Beathard, Brazile and Kramer will be voted on separately and, like all other finalists, must receive 80-percent approval from the full selection committee at the annual selection meeting on Feb. 3, 2018 in Minneapolis, the day before Super Bowl LII.

Craig's teams made it to the playoffs in each of his 11 NFL seasons, including his first eight years with the 49ers. In 1985, he became the first player in NFL history with 1,000 yards rushing and 1,000 yards receiving in the same season.

Owens, who played his first eight seasons with the 49ers, was a first-team All-Pro performer six times. He ranks second all-time in receiving yards (15,934) and third with 153 receiving touchdowns.

Lynch, a hard-hitting safety with Tampa Bay and Denver, was selected to nine Pro Bowls in his 15-year career. He recorded 26 interceptions, forced 16 fumbles and recovered nine in his career.

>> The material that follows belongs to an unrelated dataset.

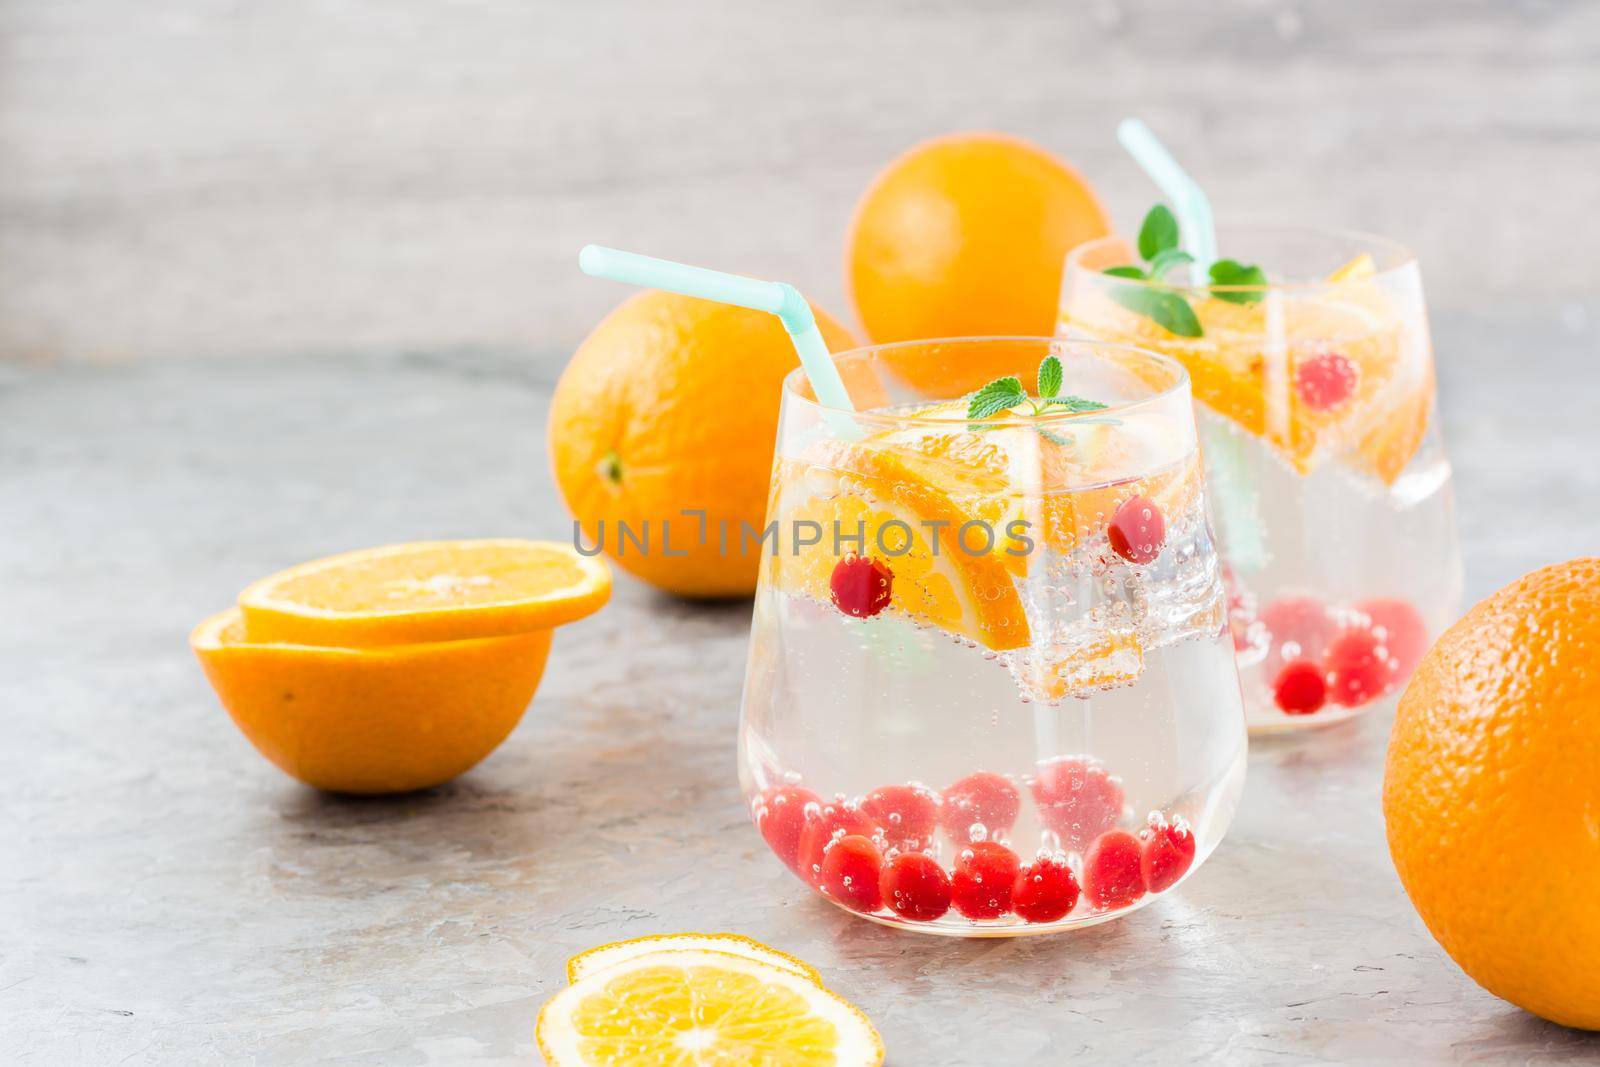 Hard seltzer cocktail with orange, cranberry and mint in glasses and cut oranges on the table. Alcoholic highly carbonated drink by Aleruana

2018 MODERN-ERA SEMIFINALISTS
Steve Atwater, S – 1989-1998 Denver Broncos, 1999 New York Jets | (Times as a Semifinalist: 7 – 2012-18)
Ronde Barber, CB/S – 1997-2012 Tampa Bay Buccaneers | (Times as a Semifinalist: 1 – 2018)
Tony Boselli, T – 1995-2001 Jacksonville Jaguars, 2002 Houston Texans (injured reserve) | (Times as a Semifinalist: 3 – 2016-18)
Isaac Bruce, WR – 1994-2007 Los Angeles/St. Louis Rams, 2008-09 San Francisco 49ers | (Times as a Semifinalist: 4 – 2015-18)
LeRoy Butler, S – 1990-2001 Green Bay Packers | (Times as a Semifinalist: 1 – 2018)
Don Coryell, Coach – 1973-77 St. Louis Cardinals, 1978-1986 San Diego Chargers | (Times as a Semifinalist: 10 – 2005, 2010-18)
Roger Craig, RB – 1983-1990 San Francisco 49ers, 1991 Los Angeles Raiders, 1992-93 Minnesota Vikings | (Times as a Semifinalist: 10 – 2009-18)
Brian Dawkins, S – 1996-2008 Philadelphia Eagles, 2009-2011 Denver Broncos | (Times as a Semifinalist: 2 – 2017-18)
Alan Faneca, G – 1998-2007 Pittsburgh Steelers, 2008-09 New York Jets, 2010 Arizona Cardinals | (Times as a Semifinalist: 3 – 2016-18)
Torry Holt, WR – 1999-2008 St. Louis Rams, 2009 Jacksonville Jaguars | (Times as a Semifinalist: 4 – 2015-18)
Steve Hutchinson, G – 2001-05 Seattle Seahawks, 2006-2011 Minnesota Vikings, 2012 Tennessee Titans | (Times as a Semifinalist: 1 – 2018)
Joe Jacoby, T – 1981-1993 Washington Redskins | (Times as a Semifinalist: 8 – 2005, 2008, 2013-18)
Edgerrin James, RB – 1999-2005 Indianapolis Colts, 2006-08 Arizona Cardinals, 2009 Seattle Seahawks | (Times as a Semifinalist: 4 – 2015-18)
Jimmy Johnson, Coach – 1989-1993 Dallas Cowboys, 1996-99 Miami Dolphins | (Times as a Semifinalist: 5 – 2014-18)
Ty Law, CB – 1995-2004 New England Patriots, 2005, 2008 New York Jets, 2006-07 Kansas City Chiefs, 2009 Denver Broncos | (Times as a Semifinalist: 4 – 2015-18)
Ray Lewis, LB – 1996-2012 Baltimore Ravens | (Times as a Semifinalist: 1 – 2018)
John Lynch, FS – 1993-2003 Tampa Bay Buccaneers, 2004-07 Denver Broncos | (Times as a Semifinalist: 6 – 2013-18)
Kevin Mawae, C/G – 1994-97 Seattle Seahawks, 1998-2005 New York Jets, 2006-09 Tennessee Titans | (Times as a Semifinalist: 4 – 2015-18)
Karl Mecklenburg, LB – 1983-1994 Denver Broncos | (Times as a Semifinalist: 7 – 2012-18)
Randy Moss, WR – 1998-2004, 2010 Minnesota Vikings, 2005-06 Oakland Raiders, 2007-2010 New England Patriots, 2010 Tennessee Titans, 2012 San Francisco 49ers | (Times as a Semifinalist: 1 – 2018)
Leslie O'Neal, DE – 1986, 1988-1995 San Diego Chargers, 1996-1997 St. Louis Rams, 1998-1999 Kansas City Chiefs | (Times as a Semifinalist: 1 – 2018)
Terrell Owens, WR – 1996-2003 San Francisco 49ers, 2004-05 Philadelphia Eagles, 2006-08 Dallas Cowboys, 2009 Buffalo Bills, 2010 Cincinnati Bengals | (Times as a Semifinalist: 3 – 2016-18)
Simeon Rice, DE – 1996-2000 Arizona Cardinals, 2001-06 Tampa Bay Buccaneers, 2007 Denver Broncos, 2007 Indianapolis Colts | (Times as a Semifinalist: 1 – 2018)
Richard Seymour, DE/DT – 2001-08 New England Patriots, 2009-2012 Oakland Raiders | (Times as a Semifinalist: 1 – 2018)
Brian Urlacher, LB – 2000-2012 Chicago Bears | (Times as a Semifinalist: 1 – 2018)
Everson Walls, CB – 1981-89 Dallas Cowboys, 1990-92 New York Giants, 1992-93 Cleveland Browns | (Times as a Semifinalist: 1 – 2018)
Hines Ward, WR – 1998-2011 Pittsburgh Steelers | (Times as a Semifinalist: 2 – 2017-18)

EDITOR'S NOTE: Matt Maiocco of NBC Sports Bay Area is one of 48 members of the Pro Football Hall of Fame Selection Committee.